Sunday, April 8, 2012

The second One!

The second generation of cellular system was introduced after a decade of first generation. The last decade of 19th century started off with this digital generation. 2G systems were primarily aimed towards the voice market.

There were several shortcomings of the 1G systems, like limited coverage and  lower capacity. As the popularity of cellular phones started increasing , the capacity of cellular systems was a challenge for the service providers.
Another shortcoming of 1G systems was the limited ability of the controller and the phones to exchange information during the course of a call.
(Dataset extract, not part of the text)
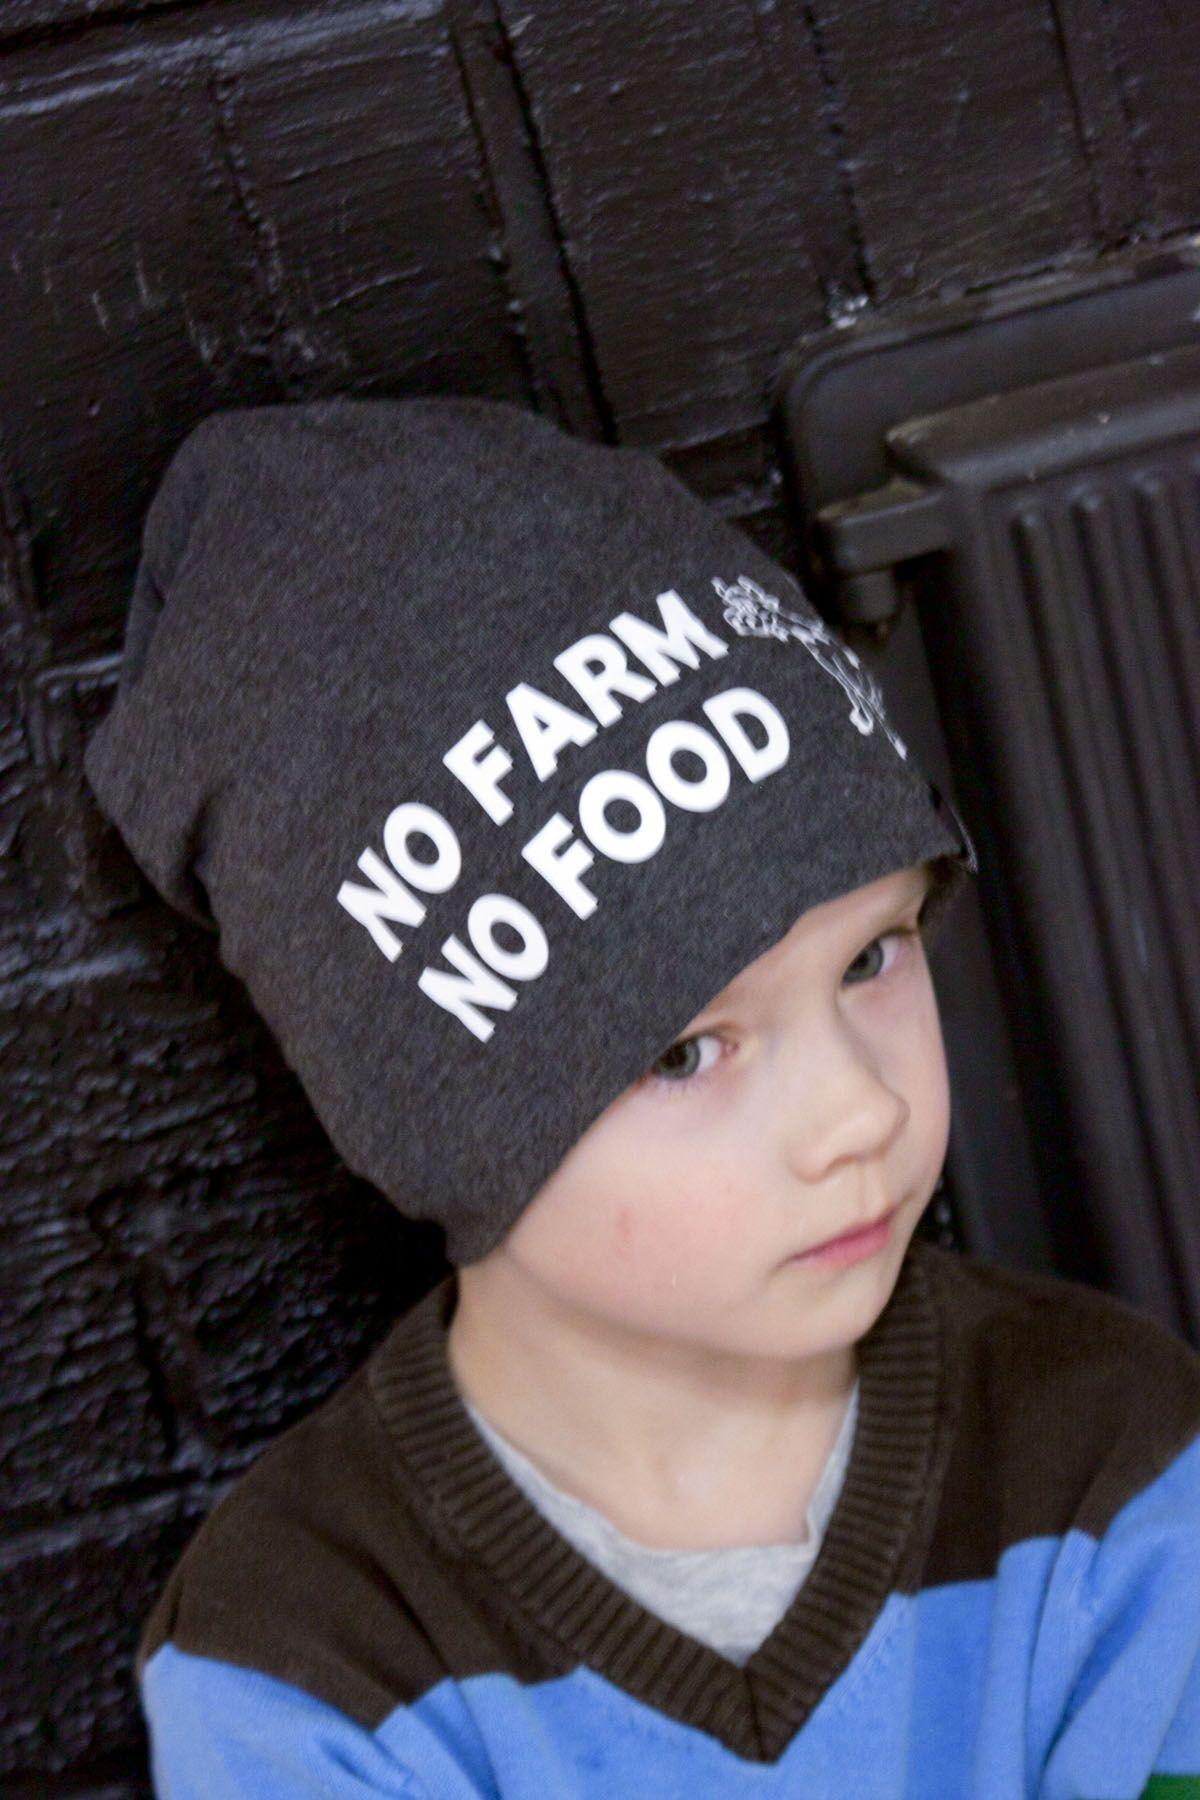 No farm no food

The control information was passed through the voice channel in a "blank and burst" basis. That means speech was briefly( 100 ms or may be more) interrupted whenever  
the control message moves phone and the base station. I am sure this was a major issue as QoS was degraded. 
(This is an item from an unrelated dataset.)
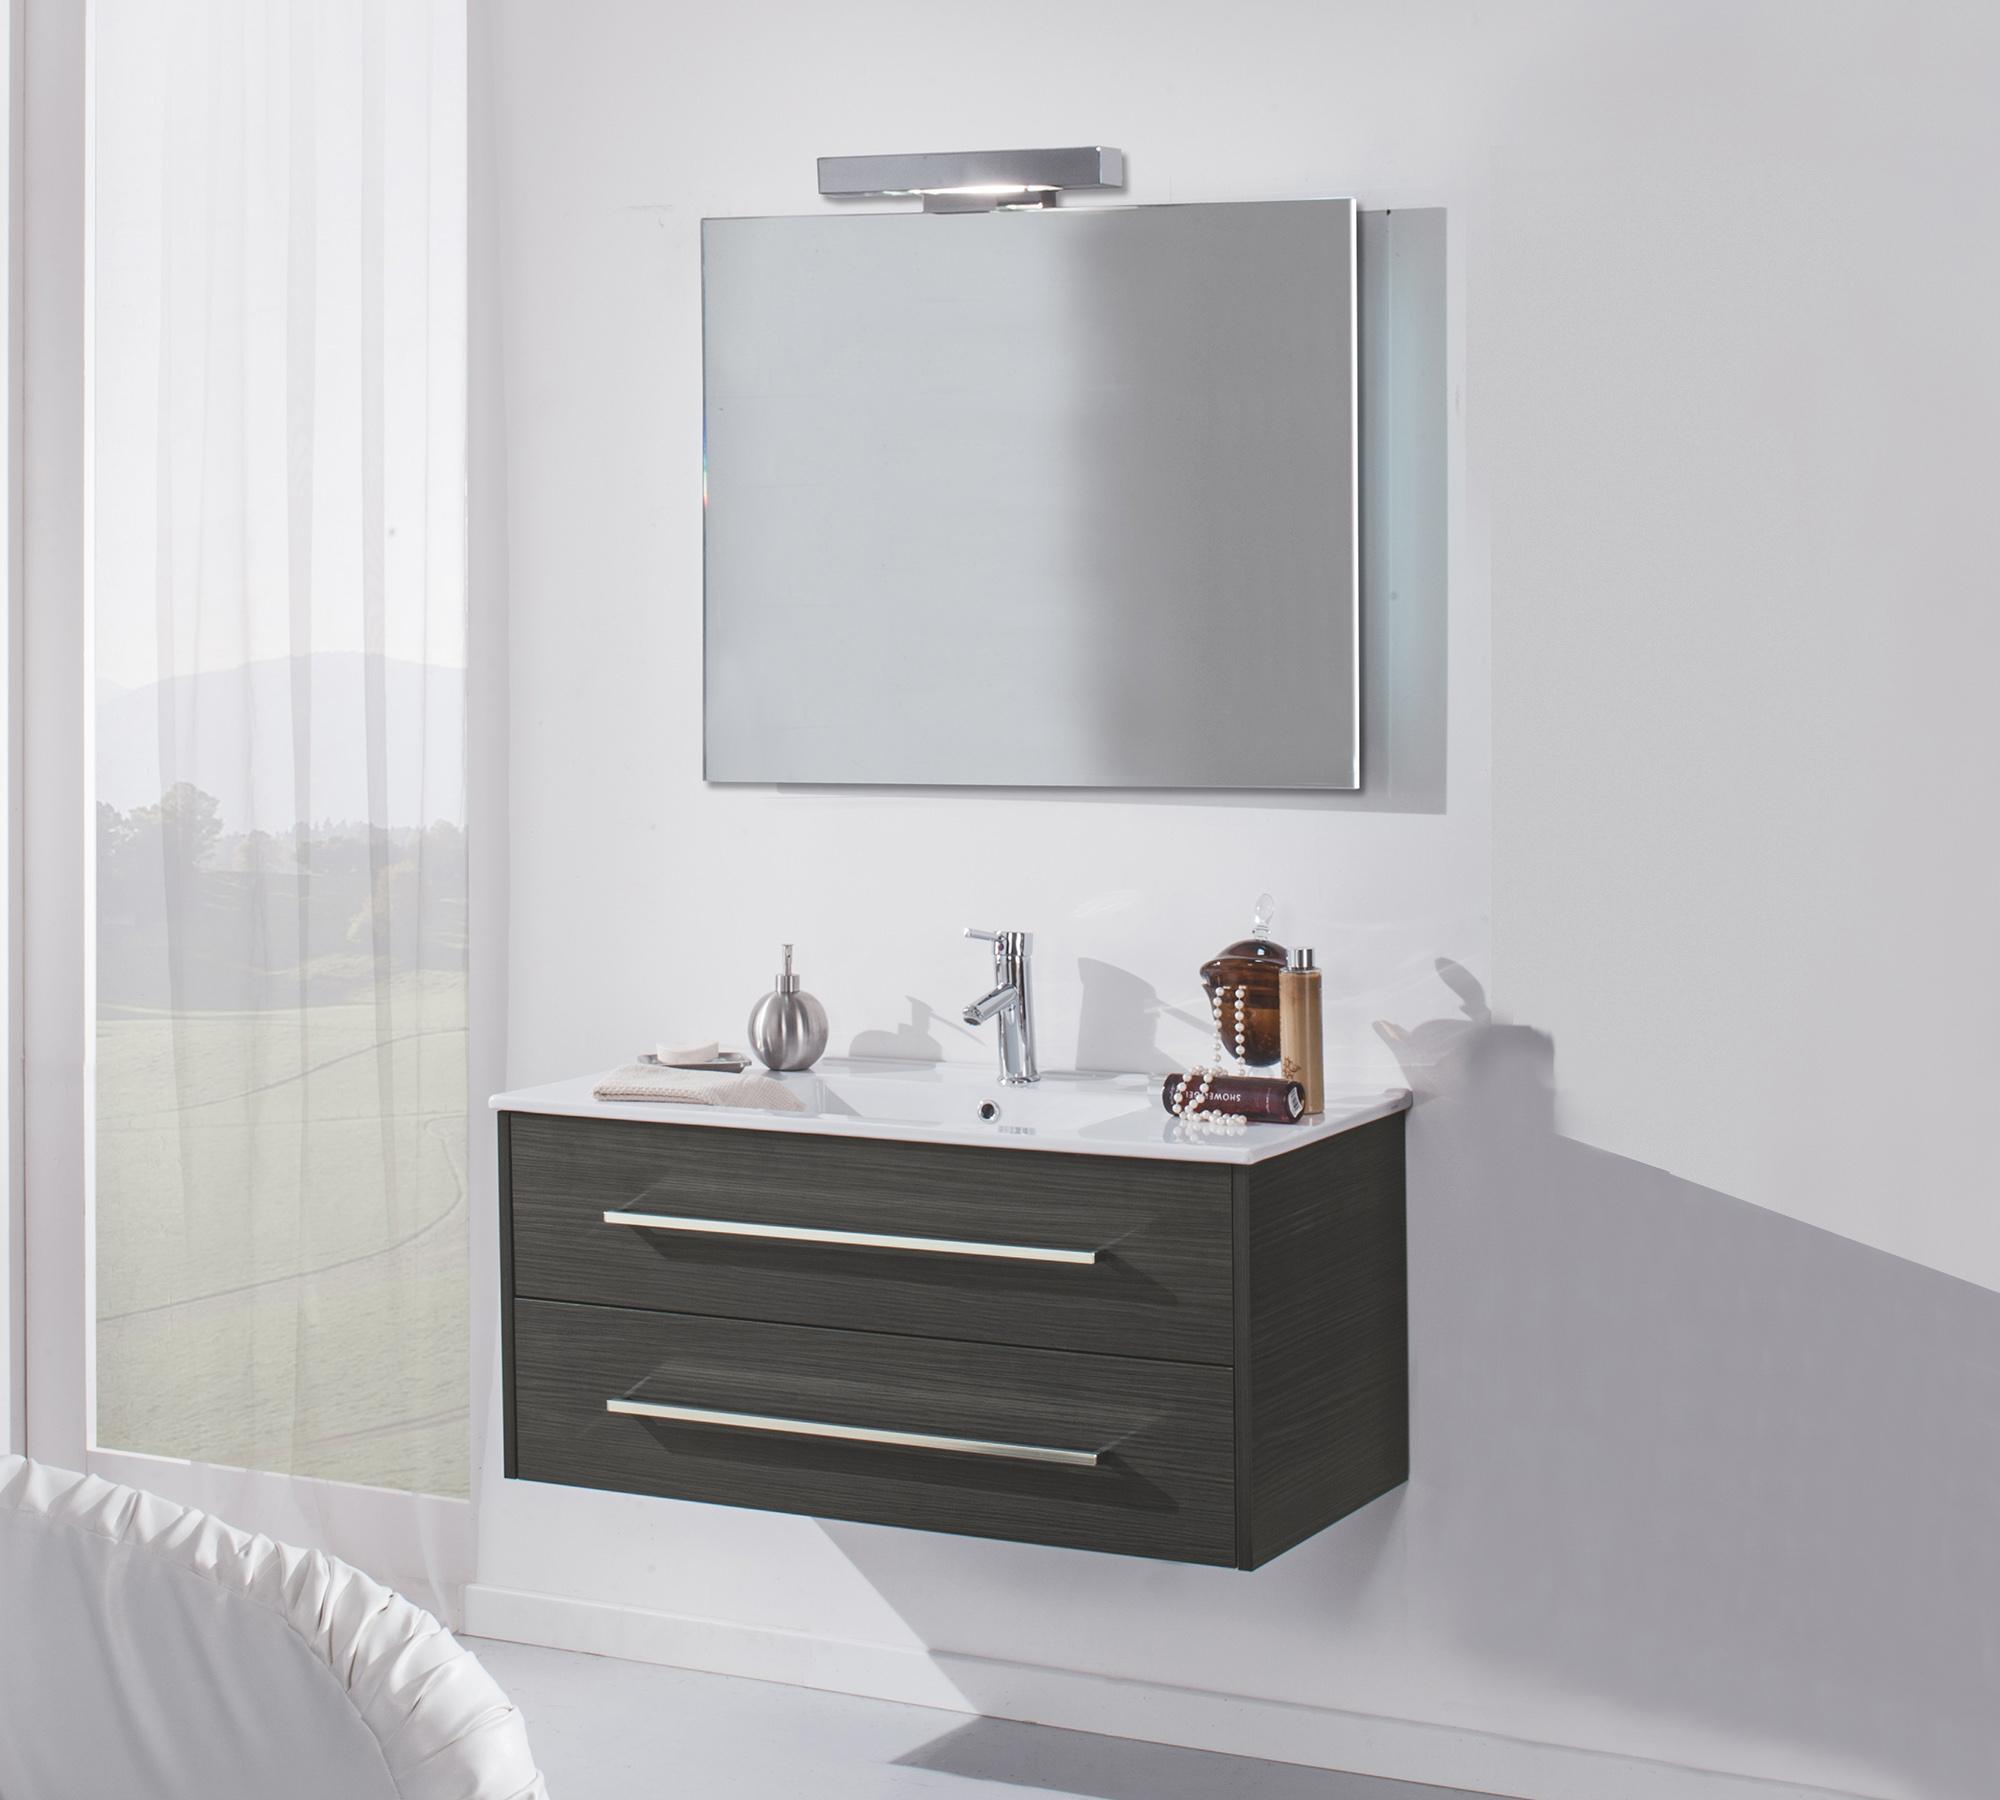 Arredo bagno moderno color lava duzzle for Maniglie mobili bagno

The shift from analog to digital enhanced the performance of cellular systems. 
Secondly to meet the increasing demands following techniques were used
1. The reuse of spectrum efficient digital speech codecs.
2. multiplexing techniques (frequency / time)
3. higher(tighter) frequency reuse by better performance of digital modulation and coding

There were several major 2G standards like GSM, IS-95 CDMA, IS- 135 TDMA.

1. GSM : This system originated in Europe in 1990. The frequency bands used are 850/900 MHz, 1.8/1.9 GHz with channel bandwidth of 200kHz. These systems were either TDMA or FDMA. FDD duplexing technique was implemented. The peak data rates supported by the system was 107 kbps(GPRS) and 384 kbps(EDGE). Typically user data rates were 20-40 kbps(GPRS) and 80-120 kbps(EDGE). The permissible latency was 600- 700 ms.

2. IS-95 : This was the first CDMA system using 850MHz/1.9 GHz frequency bands with 1.25 MHz channel bandwidth. The peak data rate was 115 kbps but typically a user could get a data rate upto 64 kbps. The user plane latency was greater than 600ms. (FYI : for LTE the latency is less than 100ms).

3. IS-54 : This system was later modified to IS-136. The frequency used was 850MHz/1.9 GHz with 30kHz channel bandwidth. TDMA/FDMA were the multiple access techniques. The data rate supported was very low, a peak of 12 kbps and typical user data rate was around 9 kbps.


The 2G systems not only provided improved voice quality but also supported some new applications like SMS , updates, alerts, bill payments. Later these systems were equipped to provide low data rates as well.